100 of 112 people found the following review helpful
Not waving but drowning.,
This review is from: Swimming Home (Paperback)
I know that I am swimming against the tide here but reviews are personal - and personally, I didn't like this book (actually, more of a novella) one bit.
The writing is pretentious, riddled with symbolism, and the characters are impossible to warm to. Fortunately, the reader doesn't have to spend too much time in their company. I disagree with other reviewers about the book being light on plot. If anything, I found it plot-heavy for the ephemeral style of writing. But I do agree with J. M. Gardner who found echoes of Martin Amis's The Pregnant Widow. If you like middle-aged, middle-class people sitting round a swimming pool discussing - or actually, not discussing but thinking about their varying degrees of angst, then maybe this is a book that will appeal to you. And talking of swimming pools, here was a point about the book that jarred for me from the outset. The pool at the South of France villa where two couples and the teenage daughter of one of the couples is spending the summer is green. It is described on page 5 as being "more like a pond". For me, this was a complete deal-breaker in terms of credibility right there. There is NO WAY anybody is going to put up with a dirty pool on a long-term summer holiday villa let. It may sound a trivial point but I just knew from that point that I was never going to believe in these people. Here is the cast list:
Joe, devoted father of the teenager, famous poet, serial philanderer and guilty Holocaust survivor.

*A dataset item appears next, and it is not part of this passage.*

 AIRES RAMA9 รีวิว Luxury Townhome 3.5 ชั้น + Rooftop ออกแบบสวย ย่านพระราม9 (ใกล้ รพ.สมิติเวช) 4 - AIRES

Wife, Isabel, successful war correspondent who has put her career before her daughter.
Mitchell, unsuccessful seller of bric-a-brac, foodie and gun-collector.
His wife, Laura, a giant of a woman and potentially the most interesting character of the lot, but woefully underwritten.

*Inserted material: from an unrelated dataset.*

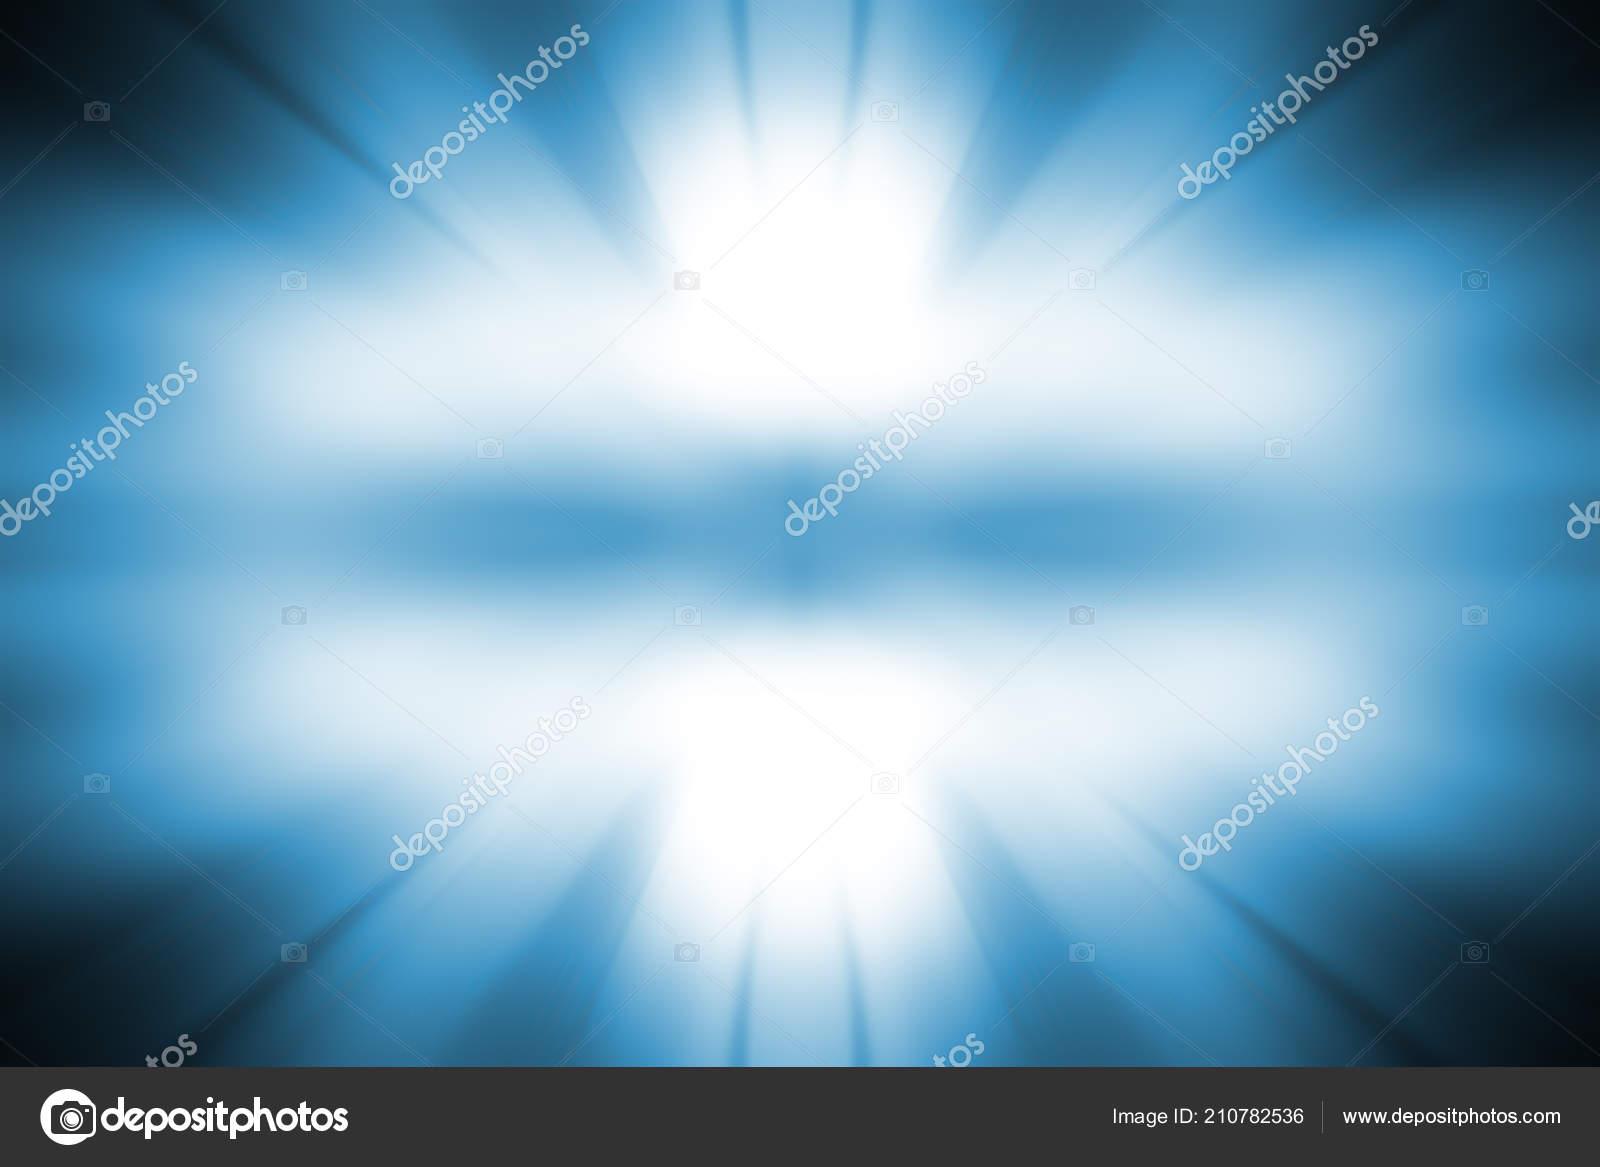 fond degrade bleu clair fond ecran bleu effet degrade radial image libre de droit par ooddysmile c 210782536

Nina, the beautiful teenage daughter, who may be in love with her daddy but gets a crush on the interloper.
Kitty Finch, the inevitable interloper who is going to change everything. She is irritating in the extreme and, frankly, nuts.
Madeleine Sheridan, observant old next-door neighbour, ex-pat and shrink (incredibly convenient).
Jurgen, utterly unbelievable caretaker (see swimming pool).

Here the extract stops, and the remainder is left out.